The brand workshop offers an ideal setting in which to analyze the ways an agency manages strategies in building relationships with its corporate client. An agency must manage information while it seeks to foster affinity so as not to put its client off. To accomplish this an agency faces a particular dilemma or double bind, a concept identified by a specialist in anthropology. On the one hand the agency has to present itself as competent in a service or skill that is perceived by the client to add value.
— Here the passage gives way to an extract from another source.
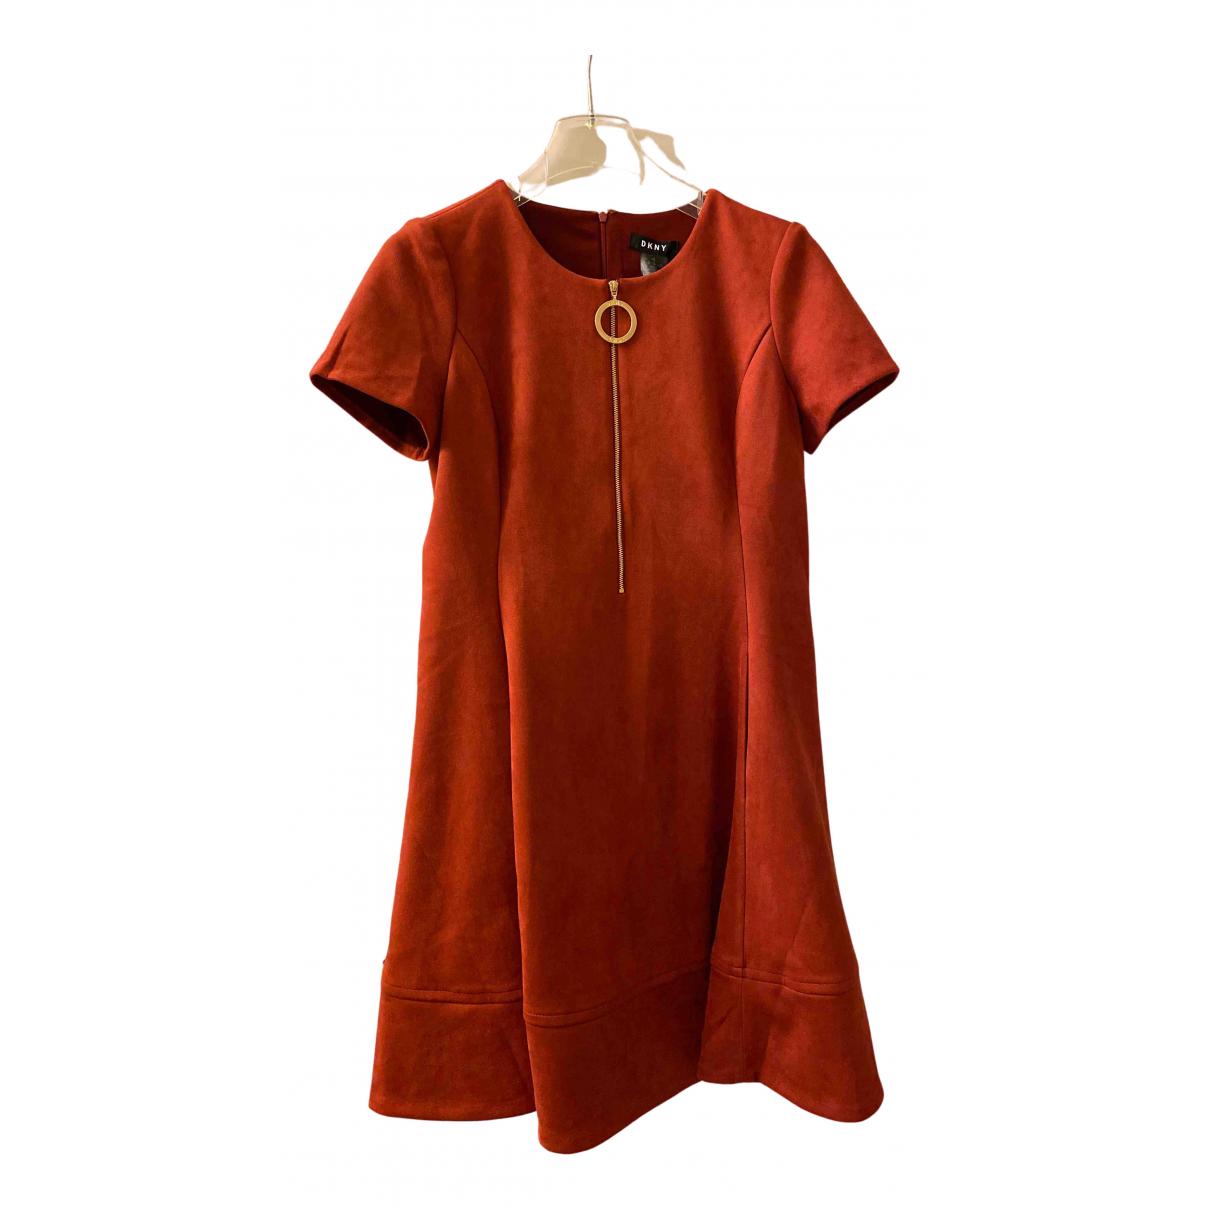 Dkny - Robe   pour femme en coton - elasthane - bordeaux

At the same time, an agency places a premium on human chemistry, and so must demonstrate to the client that working together will be amicable, cooperative and mutually beneficial. This presents a challenge to negotiation since it requires one to stand apart as distinct, and yet blend in and show affinity with others [11, p.202].

From an objective viewpoint, the workshop appears to offer an ideal way for an agency and client to collectively identify a position in a highly competitive marketplace. It is also an ideal place for an agency to demonstrate its expertise and knowledge of the client’s brand and consumer. The agency typically does this by bringing out its proprietary tools to position the client’s brand.

Models of the client’s target consumer are constructed, and colorful aggressive language typically circulates in heated discussions about the competition. But while the stated purpose of the workshop is for the agency to gain a closer understanding of the client’s consumer, brand and competition, the true purpose is to convince the client of the value of entering into a union of collaboration and to build relations of affinity. In fact, the proprietary tools demonstrated by the agency and the metaphoric language used to deride the competition, are devices intended to structure relationships and cement loyalties between the agency and client, rather than provide the client strategic direction or enhance their market position.